US Politics

I would say your house is your asset....don't take out any shared equity loans.

Fingers crossed on your public pension but I wouldn't have any expectations. I would say forget retirement as something permanent, work on your health so you can keep 'working' to some extent.....though obviously not full time.

Yeah, I know....it's pretty grim.

That's the future....generations of politicians have spunked up the wall for us. They thought turning your towns into the third world was some kind of future.....As if the third world were going to be workaholics and form German type trade guilds or something.
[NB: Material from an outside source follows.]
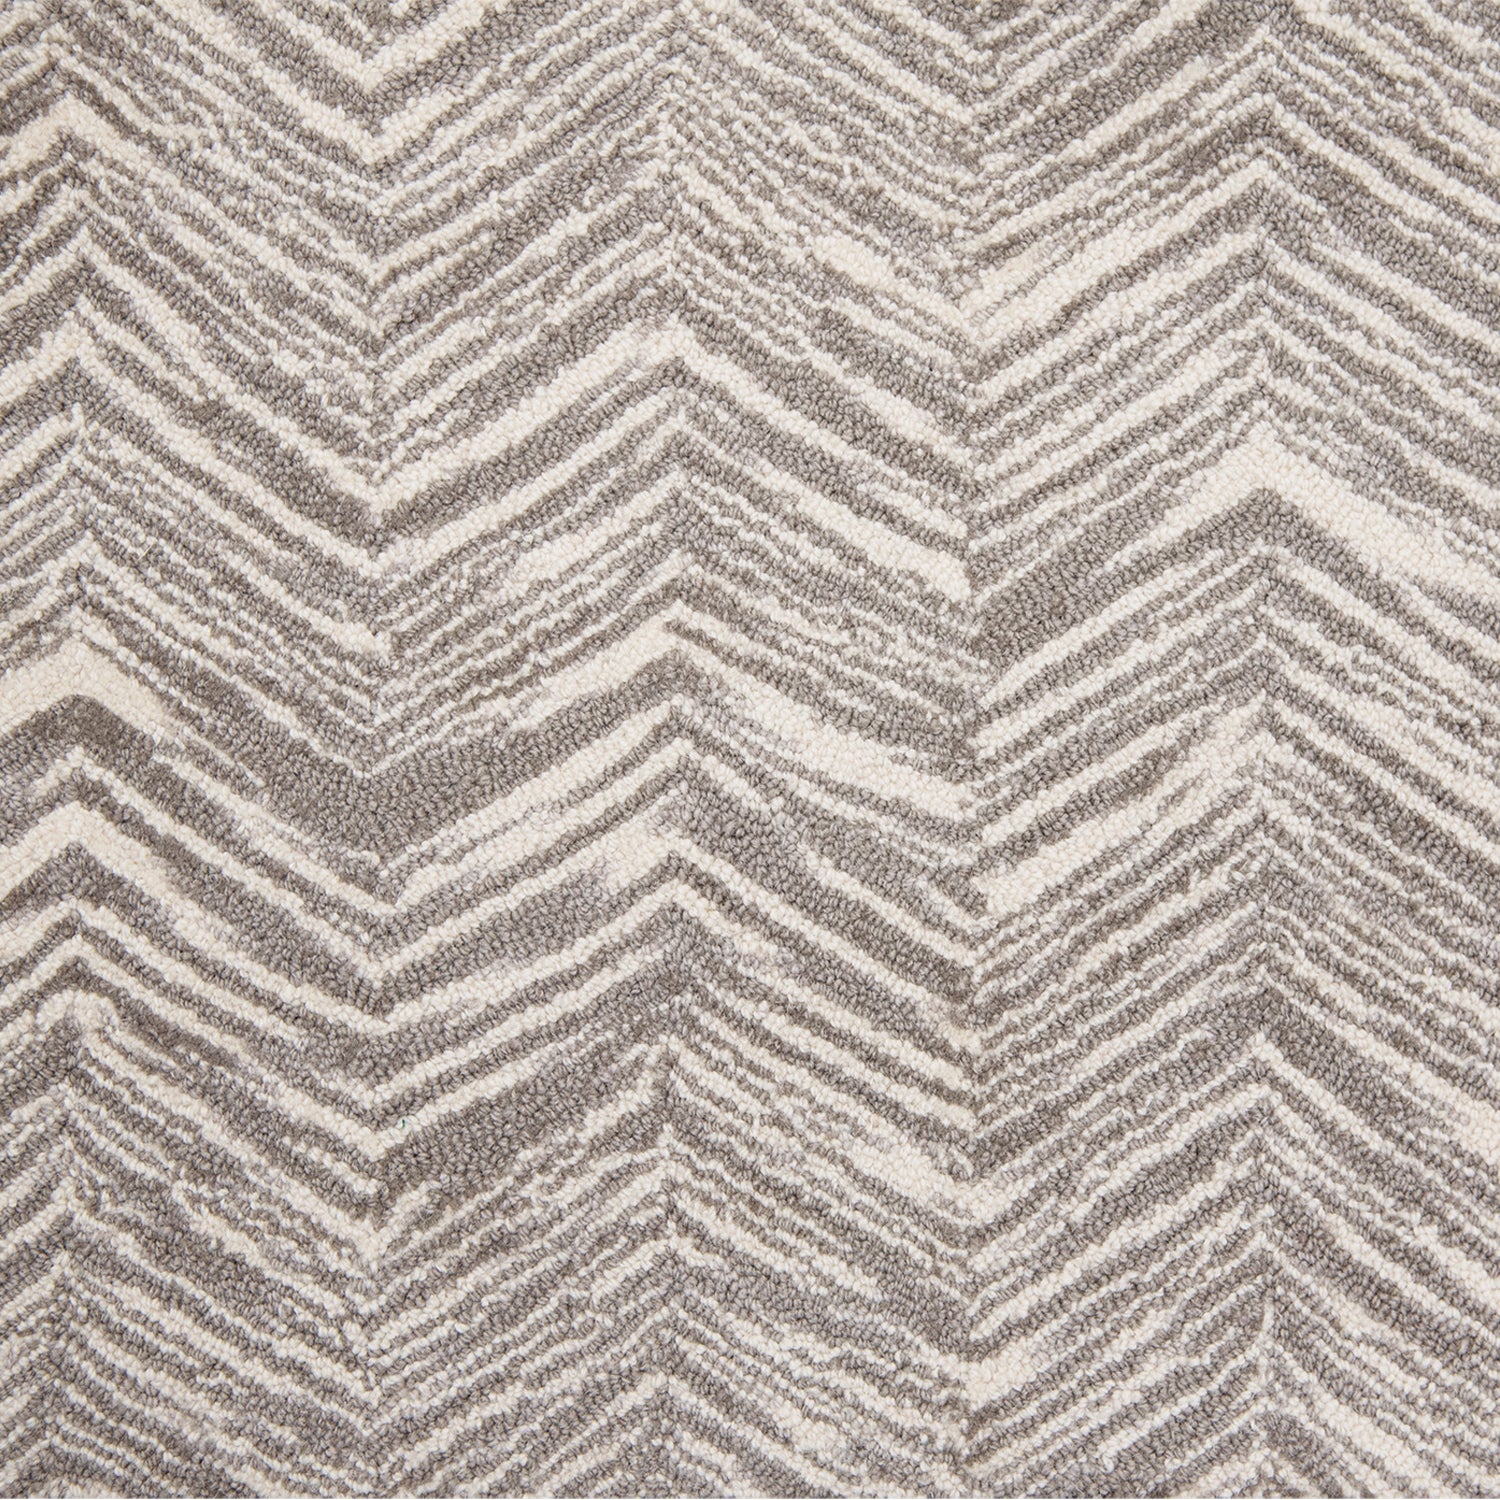 Wool broadloom carpet swatch in a painterly herringbone print in sable on a cream field.

Low quality and ideological elites.
50 years ago the company I was working for, which was part of Bayer, could clearly see the way the future was likely to be and adapted strategies accordingly. They knew that with improved health care we would all live much longer, but at a big cost. They also knew that with a declining birth rate there wouldn’t be enough working age people to keep society functioning, let alone provide the care that the elderly needed.
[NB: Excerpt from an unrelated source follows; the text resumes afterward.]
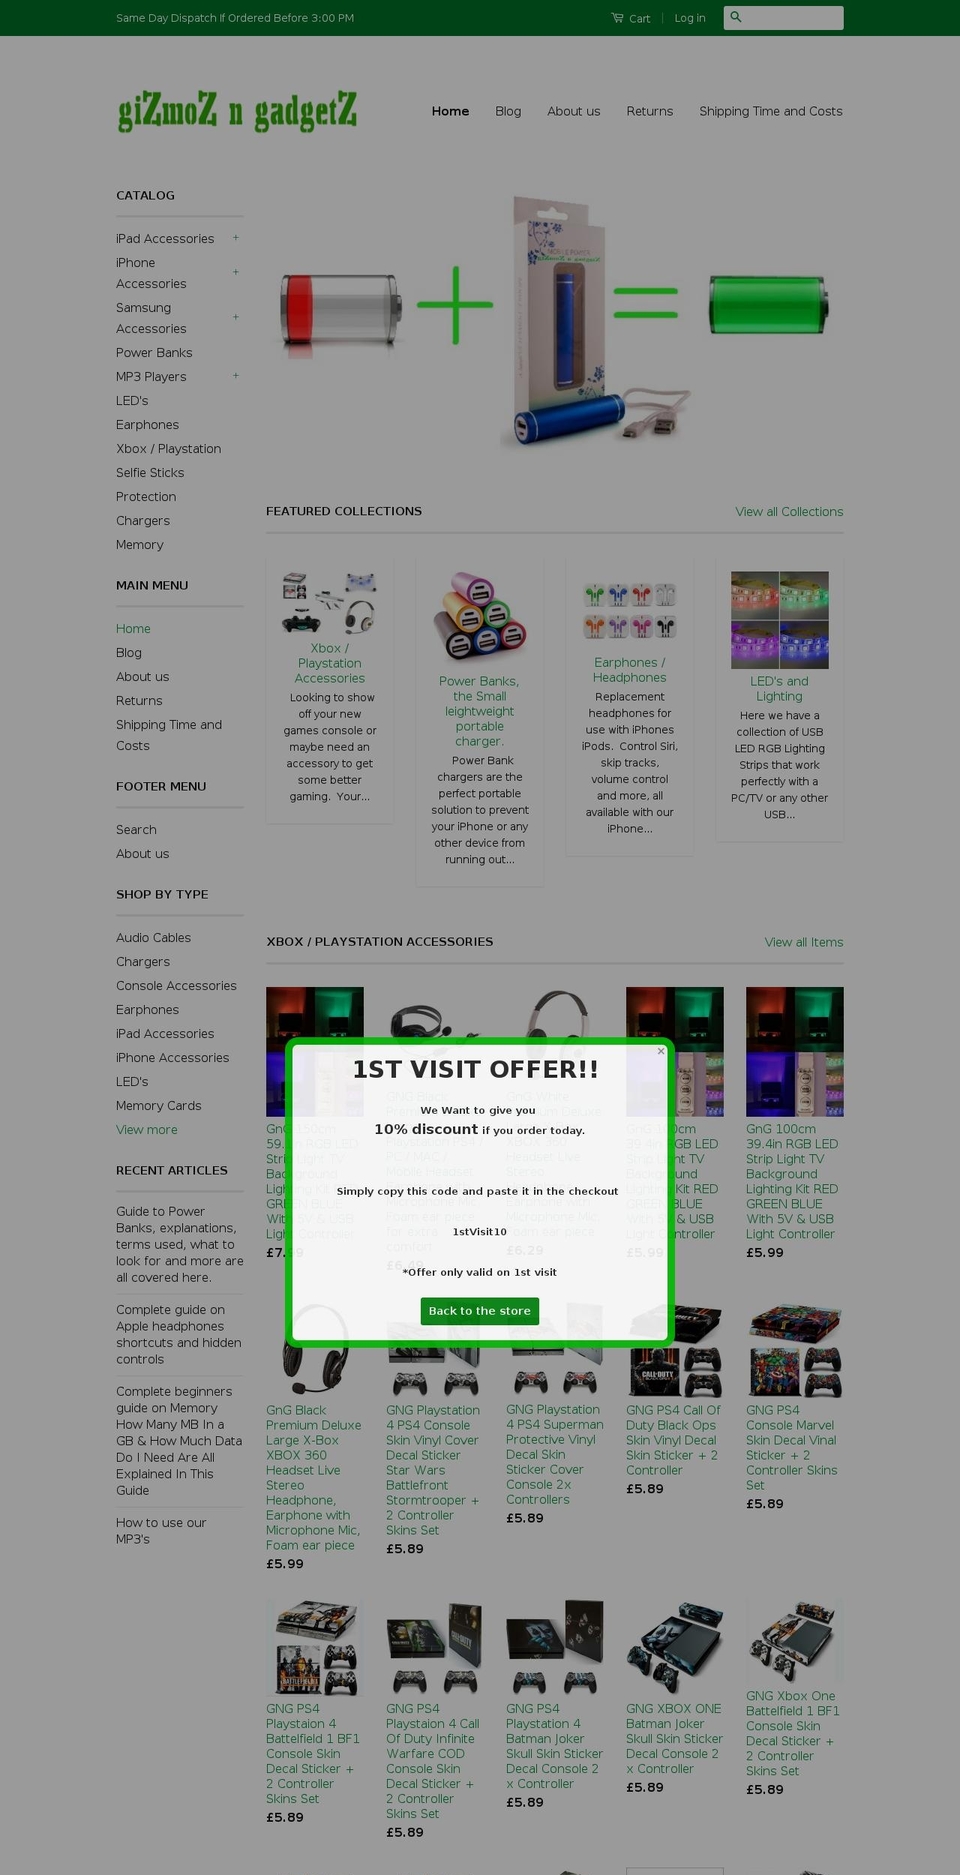 classic Shopify theme site example gizmozngadgetz.com

Of course there was also talk about a leisure revolution, a time when automation took care of all routines, but this was dismissed as just wishful thinking.

For much of my life people could look forward to perhaps 10 or 15 years of retirement. Not today. Most expect much more than that, and to be active for most of it.

The solution is staring us in the face but we have only played with implementing it, because it is so politically unpopular that it’s a sure vote loser.

We need to increase the retirement age to a minimum of 75 for the fit and healthy, with part time provision made for those who aren’t. After 75 those who remain fit should be expected to work helping the less able retired for a few hours each week as a condition of receiving their state pension.

Something like this should have been gradually introduced 30 or 40 years ago so that by now it would be normal. Now it would be near to impossible to do enough quickly enough.

It would though greatly reduce our need for legal immigration, even if not eliminating it completely.
 
50 years ago the company I was working for, which was part of Bayer, could clearly see the way the future was likely to be and adapted strategies accordingly. They knew that with improved health care we would all live much longer, but at a big cost. They also knew that with a declining birth rate there wouldn’t be enough working age people to keep society functioning, let alone provide the care that the elderly needed.

Of course there was also talk about a leisure revolution, a time when automation took care of all routines, but this was dismissed as just wishful thinking.

For much of my life people could look forward to perhaps 10 or 15 years of retirement. Not today. Most expect much more than that, and to be active for most of it.

The solution is staring us in the face but we have only played with implementing it, because it is so politically unpopular that it’s a sure vote loser.

We need to increase the retirement age to a minimum of 75 for the fit and healthy, with part time provision made for those who aren’t. After 75 those who remain fit should be expected to work helping the less able retired for a few hours each week as a condition of receiving their state pension.

Something like this should have been gradually introduced 30 or 40 years ago so that by now it would be normal. Now it would be near to impossible to do enough quickly enough.

It would though greatly reduce our need for legal immigration, even if not eliminating it completely.
This again? How many are capable of doing manual labour after the wear and tear of 50 years of it? I know several whose knees, backs and hips are wrecked well ahead of them being 70 let alone 75.
Most people experience cognitive decline at 70. What jobs are they,supposed to do?
Apart from being President of America of course.
 
50 years ago the company I was working for, which was part of Bayer, could clearly see the way the future was likely to be and adapted strategies accordingly. They knew that with improved health care we would all live much longer, but at a big cost. They also knew that with a declining birth rate there wouldn’t be enough working age people to keep society functioning, let alone provide the care that the elderly needed.

Of course there was also talk about a leisure revolution, a time when automation took care of all routines, but this was dismissed as just wishful thinking.

For much of my life people could look forward to perhaps 10 or 15 years of retirement. Not today. Most expect much more than that, and to be active for most of it.

The solution is staring us in the face but we have only played with implementing it, because it is so politically unpopular that it’s a sure vote loser.

We need to increase the retirement age to a minimum of 75 for the fit and healthy, with part time provision made for those who aren’t. After 75 those who remain fit should be expected to work helping the less able retired for a few hours each week as a condition of receiving their state pension.

Something like this should have been gradually introduced 30 or 40 years ago so that by now it would be normal. Now it would be near to impossible to do enough quickly enough.

It would though greatly reduce our need for legal immigration, even if not eliminating it completely.
75 too old. I would go 70-72. That buys a bit of time. Just because you are fit and and healthy not everyone is.